Geradezu märchenhaft mutet an, dass Außenstehende, die einfach nur ihren Auftrag erfüllen hätten können, Feuer gefangen und sich mit Herzblut eingebracht haben, oft ohne die Stunden genau zu zählen: der Architekt Peter Schell, der Schablonen für jede einzelne der unterschiedlich hohen Stufen angefertigt hat; die Szekler-Firma Mobi Romantik SRL Elek Sutö aus Schäßburg, die aus wertvollem siebenbürgischem Holz ein trittfestes Treppenhaus – namens „Karpatensteig“ – mit einheitlichen Stufen baute; der Biberacher Malermeister und Restaurator Camil Delic, der den Grabsteinabgüssen einen angenehm sandfarbenen Anstrich gab und auch gleich fehlende Teile ergänzen konnte; die an Wunder grenzende Erneuerung einer morschen Holzdecke, ohne die große darunter hängende Stuckdecke zu beschädigen; die Erhaltung vieler historischen Details trotz Einbau von Nasszellen und Brandschutztüren; der Hotelbetreiber Pietralla (Anverwandter eines Bogeschdorfer Pfarrers), der sich im Vorfeld mit einer sechsstelligen Summe einbrachte; der aus Gergeschdorf stammende Haus-meister Georg Mick, der auch die rumänischen Mitarbeiter deutscher Handwerksfirmen motivieren konnte … Die Gäste staunten weiter.
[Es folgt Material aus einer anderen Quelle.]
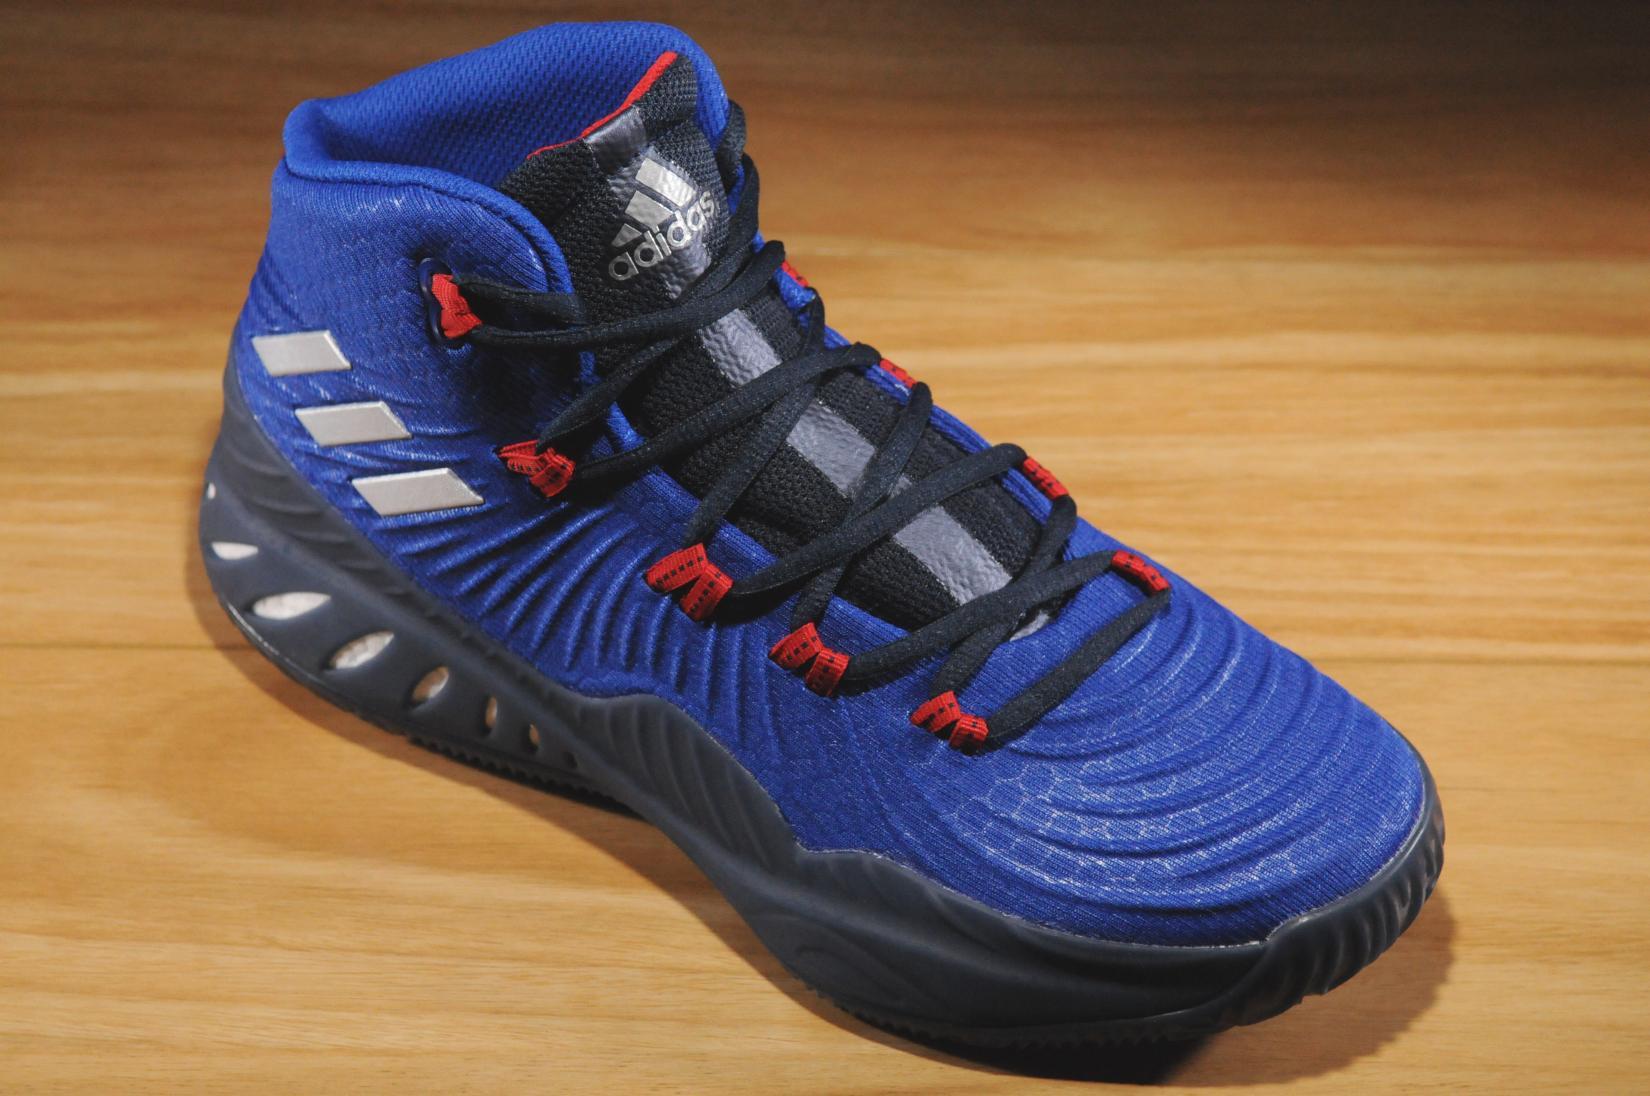 99fef7f1b036b Adidas Shoes Japan Yeezy 350 Boost Youth

Nach dem Mittagessen stellte Heidi Negura den Tagungsraum „Rosenau“ vor mit der Präsentationswand über die Raketenpioniere Siebenbürgens. Der feuerfeste Tisch und die drehbare geschmiedete Garderobe sind von Georg Binnen gefertigte Unikate. Draußen sammelt der Flur Fotodokumente der Siebenbürger Industrie-Höhepunkte vor 100 Jahren. Die Musiksalons neben dem Festsaal sind dem Komponisten der „Siebenbürgischen Elegie“ Ernst Irtel und dem Wunderkind Carl Filtsch (Meisterschüler von Frédéric Chopin), Pianist und Komponist, gewidmet. Eine glückliche Fügung ist die Schenkung eines Cembalos, das von einem aus Siebenbürgen stammenden Cembalobauer angefertigt wurde: Im alten Festsaal entfaltet sich sein Klang noch wunderbarer als der des großen Flügels.
Im Rückblick warf Axel Froese anschließend in einer Präsentation Zahlen, Daten und Fakten an die Wand. In der Pause wurde es dann musikalisch: Wie viele andere Künstler vor ihm trat auch Liedermacher Hans Seiwerth gagenfrei auf. Er gab Minnelieder zum Besten, gefolgt von siebenbürgischen Weisen, und krönte seine Darbietung an Gitarre und Mundharmonika mit einem global angelegten „Hänschen klein“. Fantastisch variierte er dabei Betonung und Wortwahl jeweils so, dass die Strophen unter anderem russisch oder chinesisch anmuteten, was ihm begeisterten Applaus einbrachte.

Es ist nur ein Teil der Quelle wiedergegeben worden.